SIAI Seminar Series: Learning, Introspection, and Anticipation for Effective and Reliable Task Planning Under Uncertainty: Towards Household Robots Comfortable with Missing Knowledge

Abstract

The next generation of service and assistive robots will need to operate under uncertainty, expected to complete tasks and perform well despite missing information about the state of the world or the future needs of itself and other agents. Many existing approaches turn to learning to overcome the challenges of planning under uncertainty, yet are often brittle or myopic, limiting their effectiveness. Our work introduces a family of model-based approaches to long-horizon planning under uncertainty that augment (rather than replace) planning with estimates from learning, allowing for both high performance and reliability by design.

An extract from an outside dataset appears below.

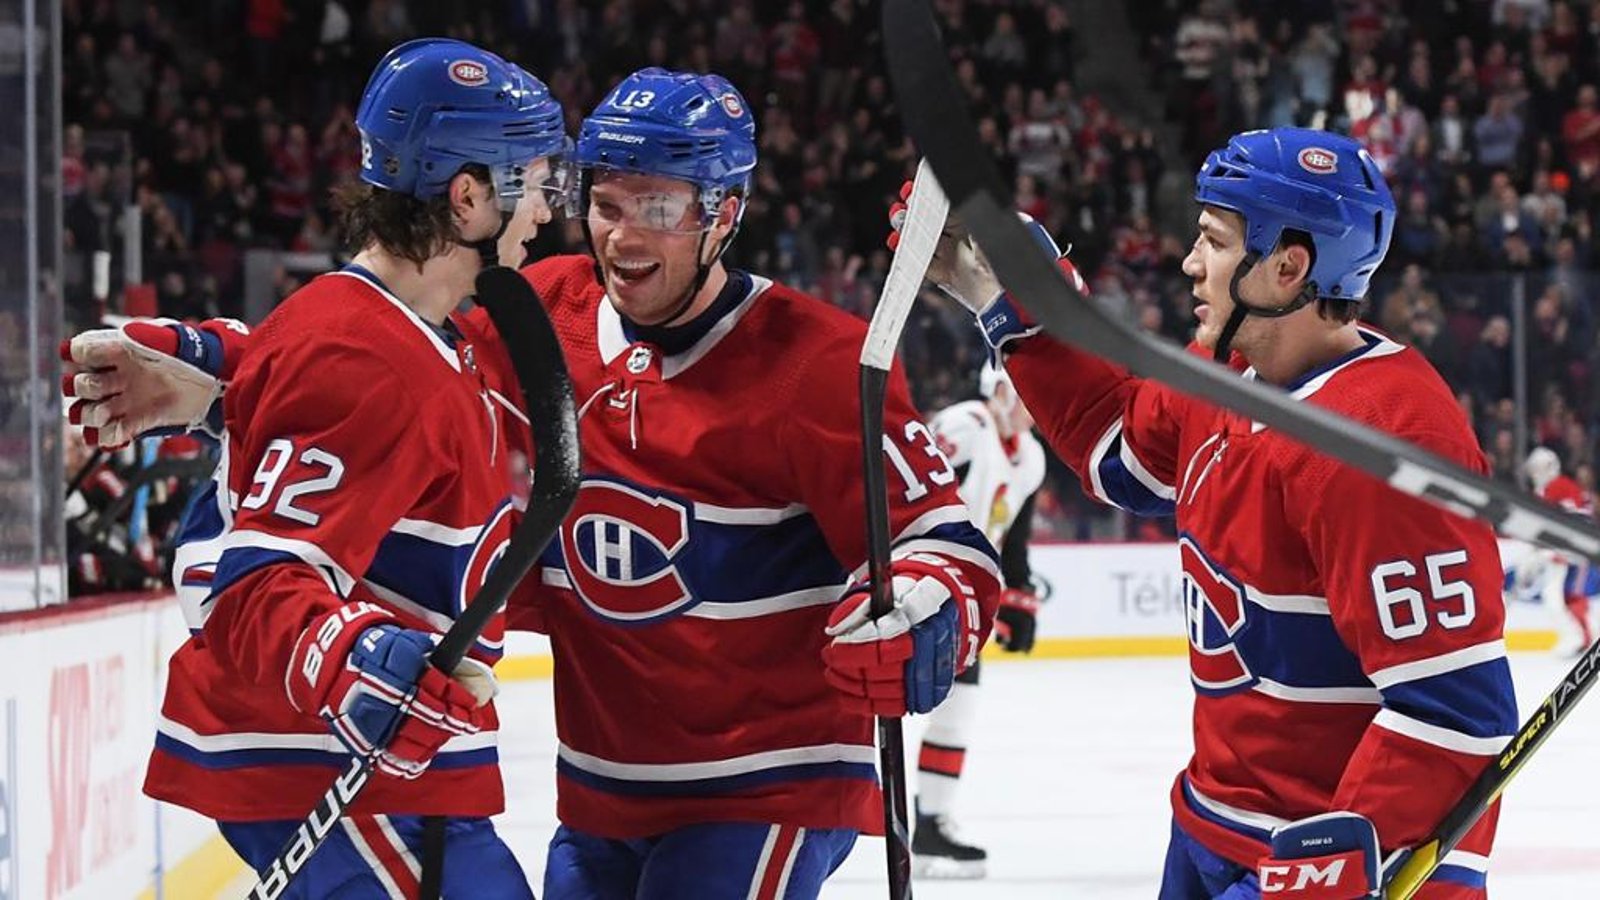 Habs’ star forward is getting driven out of town by fans; will get traded soon!

In this talk, I will present a number of recent and ongoing projects that improve long-horizon navigation and task planning in uncertain home-like environments. First, I will discuss our recent developments that improve performance and reliability in unfamiliar environments—environments potentially dissimilar from any seen during training—with a technique we call "offline alt-policy replay," which enables fast and reliable deployment-time policy selection despite uncertainty. Second, I will discuss "anticipatory planning," by which our robot anticipates and avoids side effects of its actions on undetermined future tasks it may later be assigned; our approach guides the robot towards behaviors that encourage preparation and organization, improving its performance over lengthy deployments.

Biography

Greg is an Assistant Professor of Computer Science at George Mason University, where he runs the Robotic Anticipatory Intelligence & Learning (RAIL) Group and is the director of the GMU Autonomous Robotics Lab. His research, at the intersection of robotics, planning, and machine learning, is centered around developing representations for planning and learning that allow robots to better understand the impact of their actions, so that they may plan quickly, intelligently, and reliably in a dynamic and uncertain world. Before joining Mason, he received his PhD in 2020 from MIT’s Department of Electrical Engineering and Computer Science and previously graduated summa cum laude from Cornell University with a B.S. in Applied and Engineering Physics. His work was a finalist for Best Paper at the 2018 Conference on Robot Learning, at which he was additionally awarded Best Oral Presentation.

Website: https://cs.gmu.edu/~gjstein/